Дон-Кихотство? Может быть. Но другую политику надо было делать другими руками… менее чистыми. Что касается лично меня, то три года спустя, пережив все иллюзии, испытав тяжкие удары судьбы, упершись в глухую стену неприкрытого слепого эгоизма «дружественных» правительств, свободный поэтому от всяких обязательств к союзникам, почти накануне полного предательства ими истинной России, я остался убеждённым сторонником честной политики. Только роли переменились: теперь уже мне пришлось убеждать парламентских деятелей Англии[126], что «здоровая национальная политика не может быть свободна от всяких моральных начал, что совершается явное преступление, ибо иначе нельзя назвать оставление вооруженных сил Крыма, прекращение борьбы против большевизма, введение его в семью культурных народов, и хотя бы косвенное признание его; что это продлит немного дни большевизма в России, но распахнет ему широко двери в Европу»… Я верю глубоко, что историческая Немезида не простит им, как не простила бы тогда нам.
Начало 1917 года было временем катастрофическим для центральных держав и решительным для Согласия. Вопрос о русском наступлении чрезвычайно волновал союзное командование. Военные представители Англии (генерал Бартер) и Франции (генерал Жанен) часто бывали у Верховного главнокомандующего и у меня, интересуясь положением вопроса. Но заявления немецкой печати о производимом союзниками давлении, или даже ультимативных требованиях в отношении Ставки, неверны: это было бы просто ненужно, так как и Жанен, и Бартер понимали обстановку и знали, что задержкой и препятствием к переходу в наступление служит только состояние армии.
Они старались ускорить и усилить техническую помощь, в то время как их более экспансивные сотрудники – Тома, Гендерсон и Вандервельде – лидеры социалистических партий запада, – пытались безнадежно горячим словом зажечь искру патриотизма среди представителей русской революционной демократии и войск.
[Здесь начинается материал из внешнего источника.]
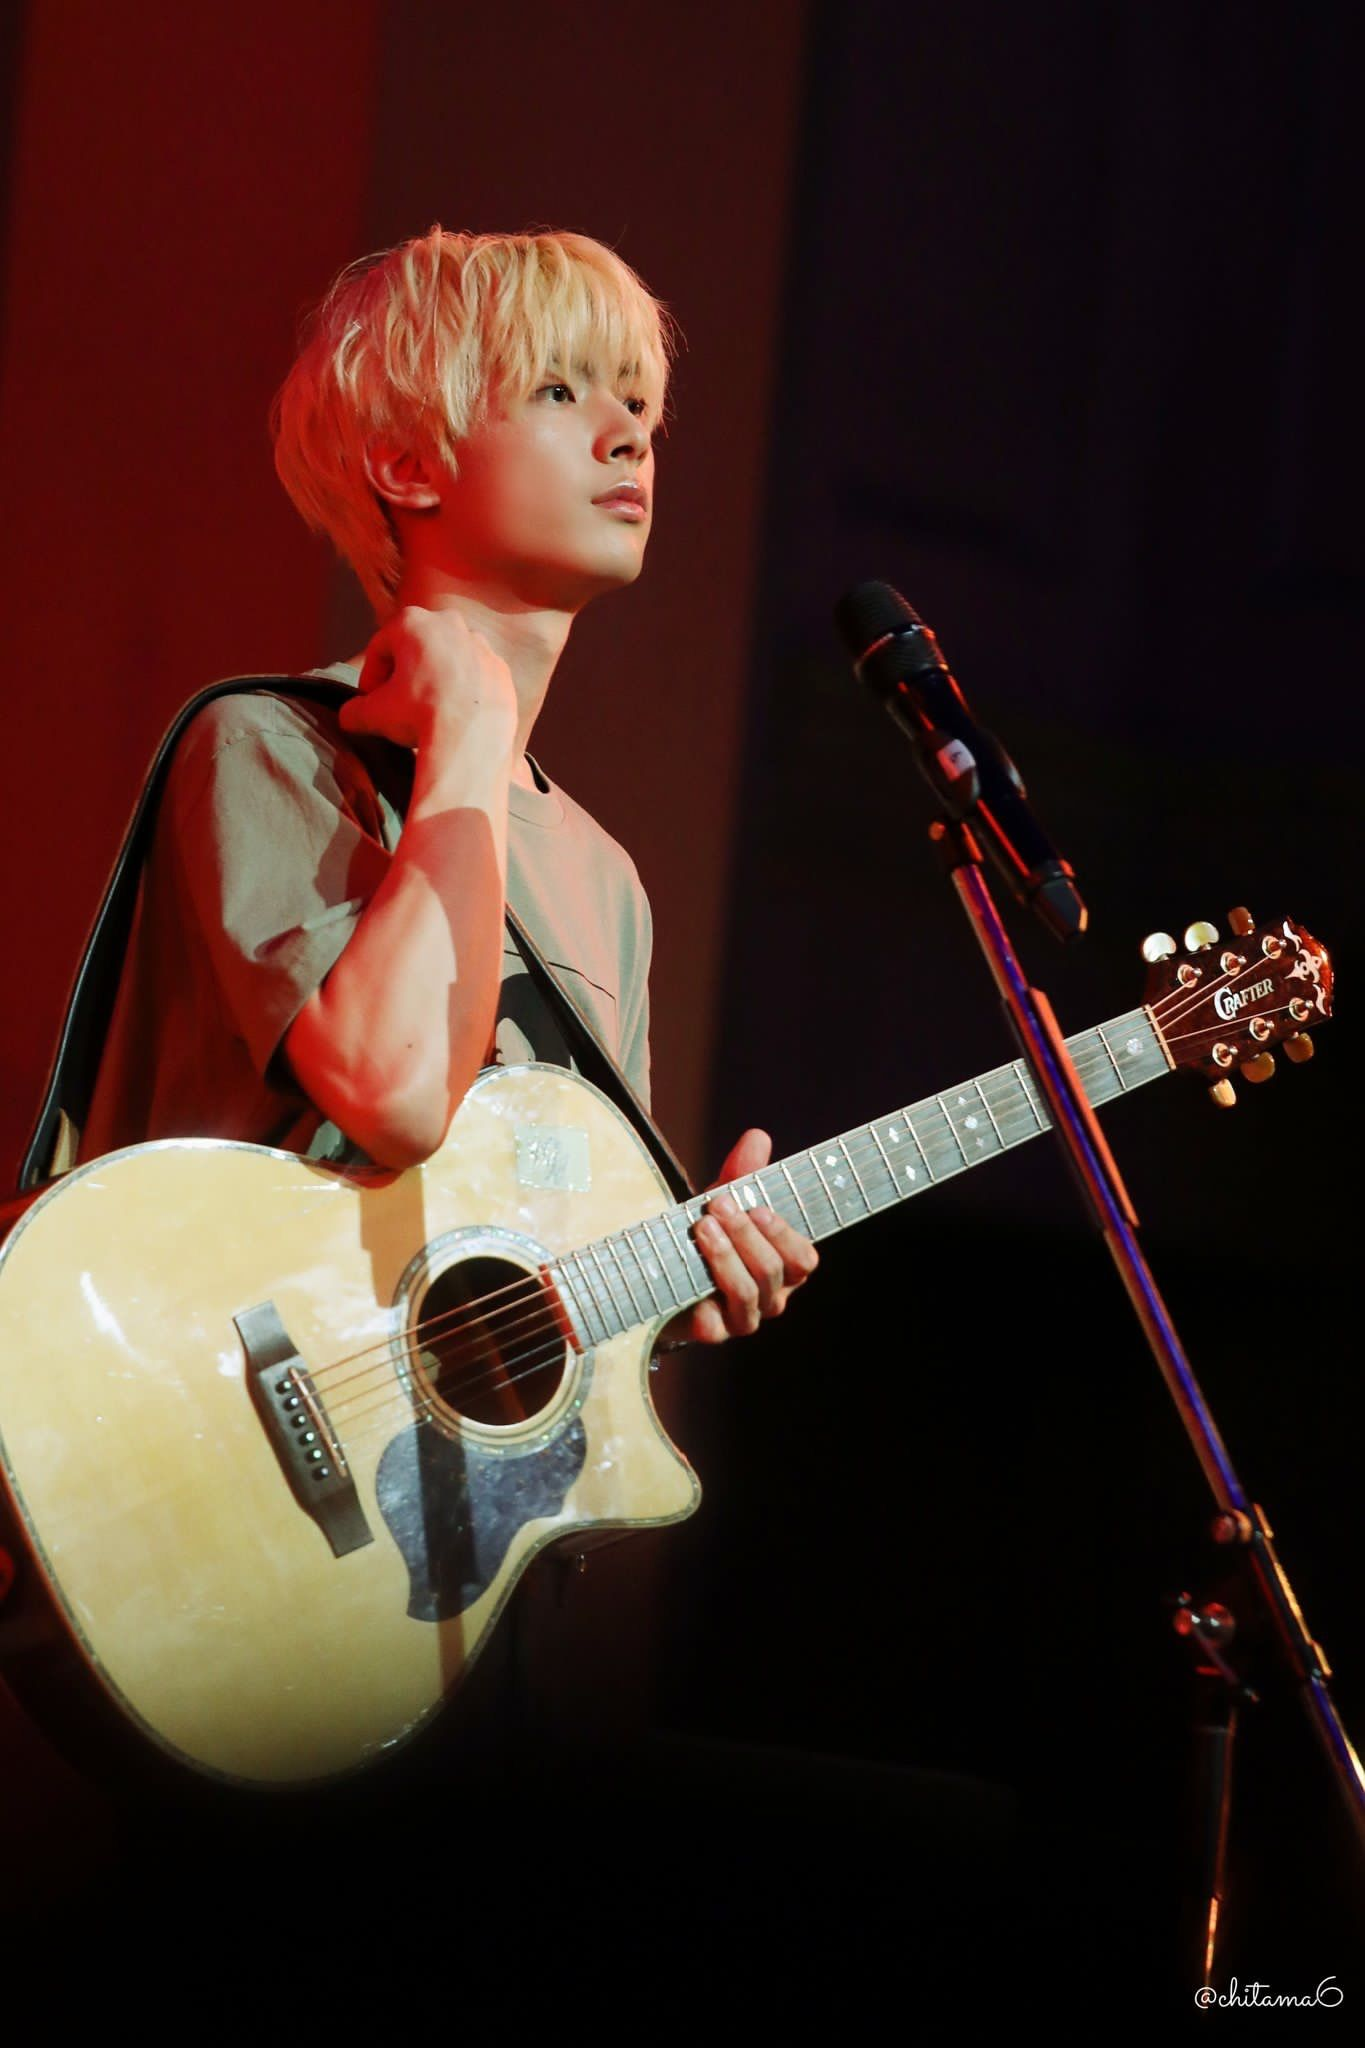 Kanghyun Music People Celebrities

Наконец, Ставка учитывала еще одно обстоятельство: в пассивном состоянии, лишенная импульса и побудительных причин к боевой работе, русская армия несомненно и быстро догнила бы окончательно, в то время как наступление, сопровождаемое удачей, могло бы поднять и оздоровить настроение, если не взрывом патриотизма, то пьянящим, увлекающим чувством большой победы. Это чувство могло разрушить все интернациональные догмы, посеянные врагом на благодарной почве пораженческих настроений социалистических партий. Победа давала мир внешний и некоторую возможность внутреннего. Поражение открывало перед государством бездонную пропасть. Риск был неизбежен и оправдывался целью – спасения Родины.